# I am going to build a LEGO engine... I hope :D



## Enginedude1 (Jan 8, 2012)

Hey guys, long time, no see. I was just lookin at all my legos and saw this little "engine" and got some ideas.





Maybe, with some mods, I could use one of the cylinders, some timing stuffs, a flywheel, and some other modded parts, and stuffs, to make it a basic air powered engine. I could time it to let air into the cylinder which would push it down, and then, with the flywheels help, the cylinder would come back up, and the cycle would continue. What do you think? I have a drill and some tubing, so I could probably do it. I just don't know how I would get the timing to work. Also, would that little cylinder be able to power a flywheel that would actually bring the piston back up? I don't know. But, I am going to try it.  I will probably try to start designing stuff tonight/tomorrow. I have school tomorrow so I need to get some sleep.  Anyway, if anyone has some tips for how I would do the timing with legos, please let me know. I really haven't a clue.  Anyway, thanks! I'll post an update tonight or tomorrow or whenever I get something started. Anyway, thanks!


----------



## stevehuckss396 (Jan 9, 2012)

When you get some basic ideas down i'm sure you can get some help here. If it's a wobbler I can help you out.
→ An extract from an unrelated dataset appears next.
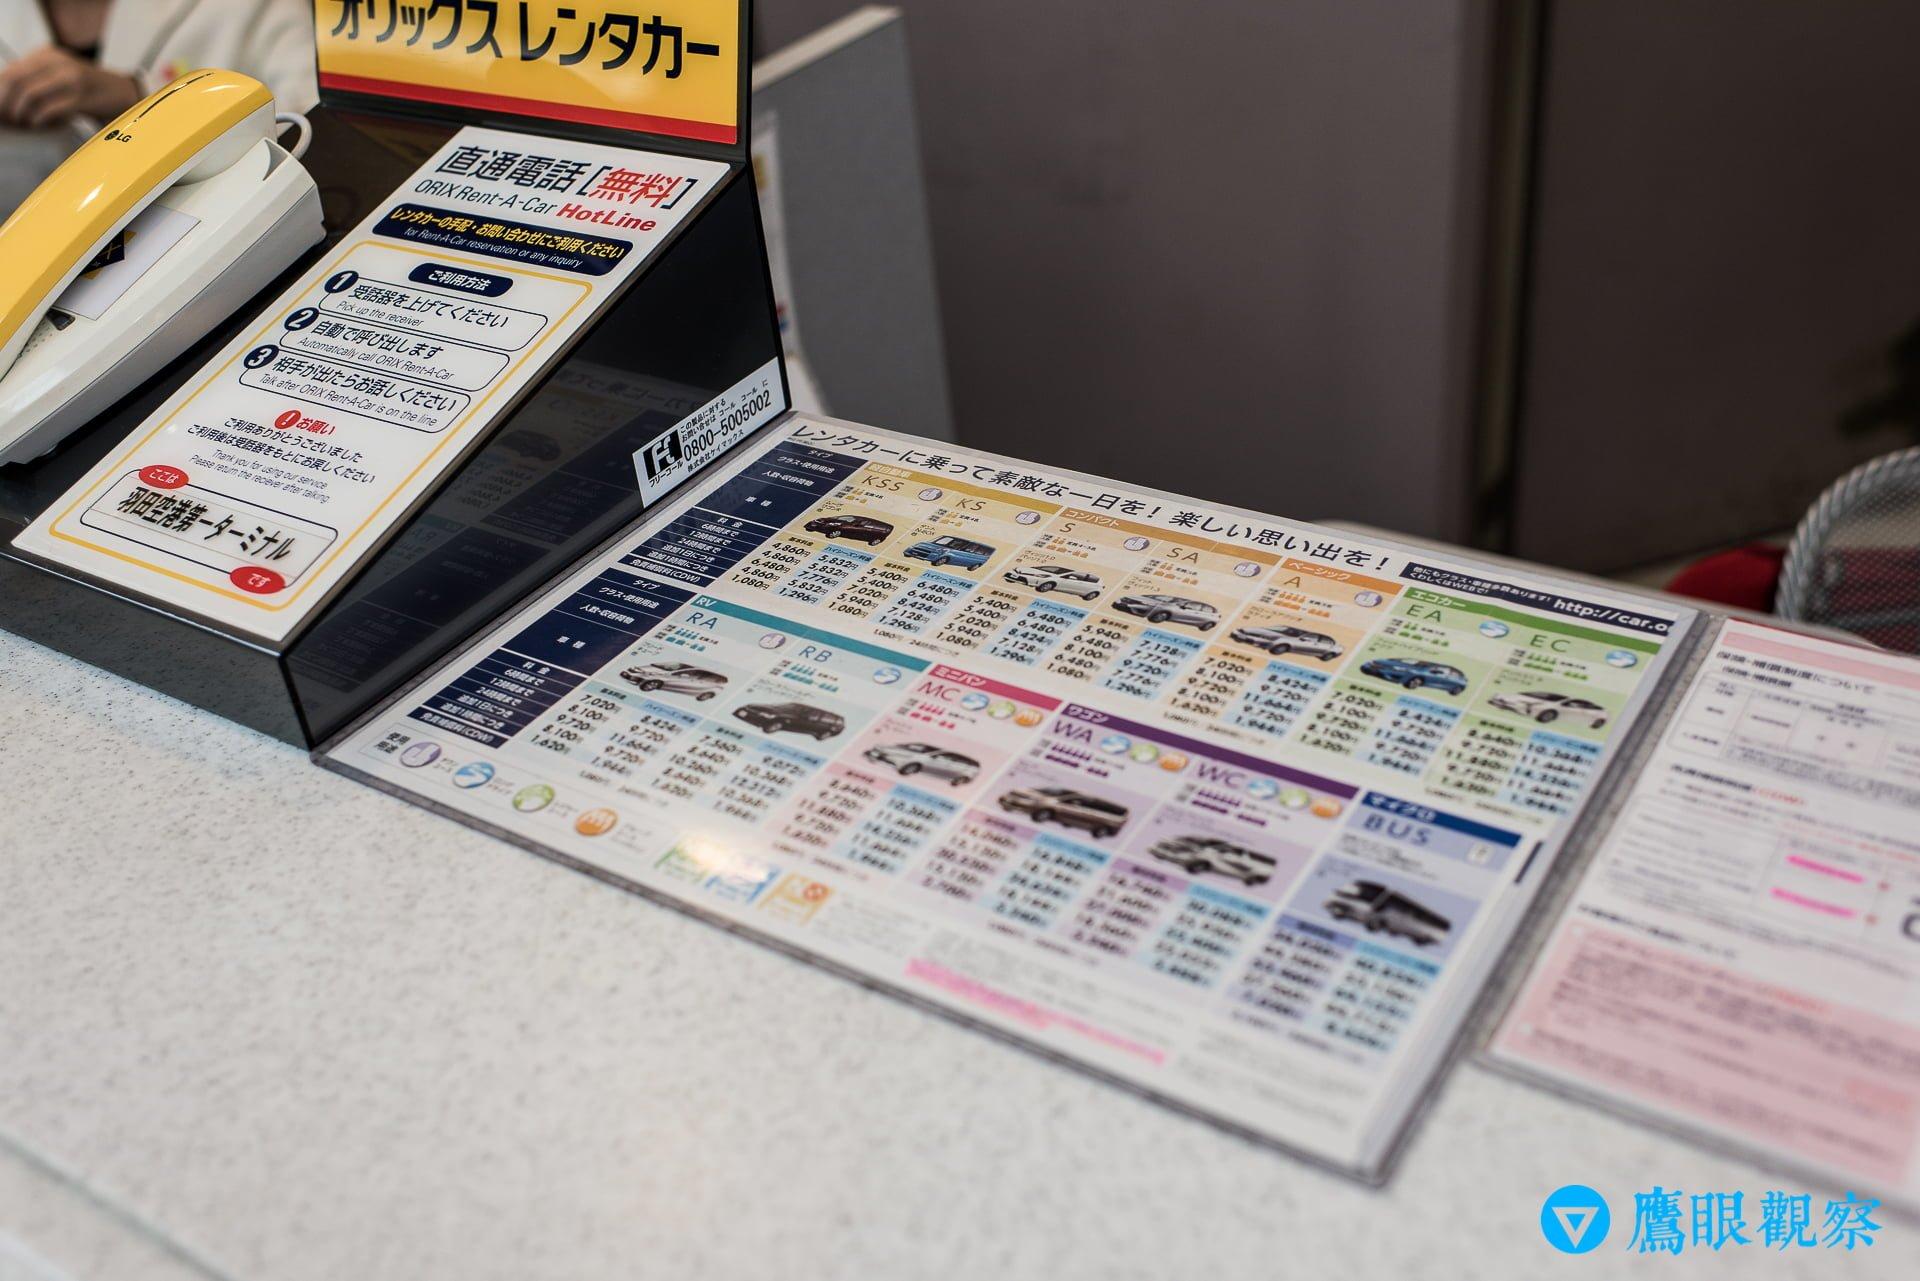 Rental Cars in Airport Tokyo Japan with Orix 3 日本租車:從東京機場自駕暢遊北關東 3 縣的旅遊行程預定、租取還車教學

I have made a few of them.


----------



## Tin Falcon (Jan 9, 2012)

It has been done my son figuured out how when he was 14 or so




tin


----------



## drysdam (Feb 19, 2012)

Hey, I just saw that Lego engine in Waltham at the NEMES show! I didn't realize I was talking to Mr and Mrs Falcon themselves!


----------



## Tin Falcon (Feb 19, 2012)

well now you know . my display has been described as unusual and recognizable. 
Tin


----------



## drysdam (Feb 19, 2012)

Yes, I recognized it from previous years. And I even saw the HMEM banners, but didn't think much about it.


----------



## thayer (Feb 19, 2012)

drysdam  said:
			
		

> Hey, I just saw that Lego engine in Waltham at the NEMES show! I didn't realize I was talking to Mr and Mrs Falcon themselves!



I could say the same!

My son spotted it from his wheelchair while I was admiring David Osier's elbow engine next door.

Thayer


----------



## steamer (Feb 20, 2012)

I'm not that far away Thayer.....if you need some help let me know

Dave


----------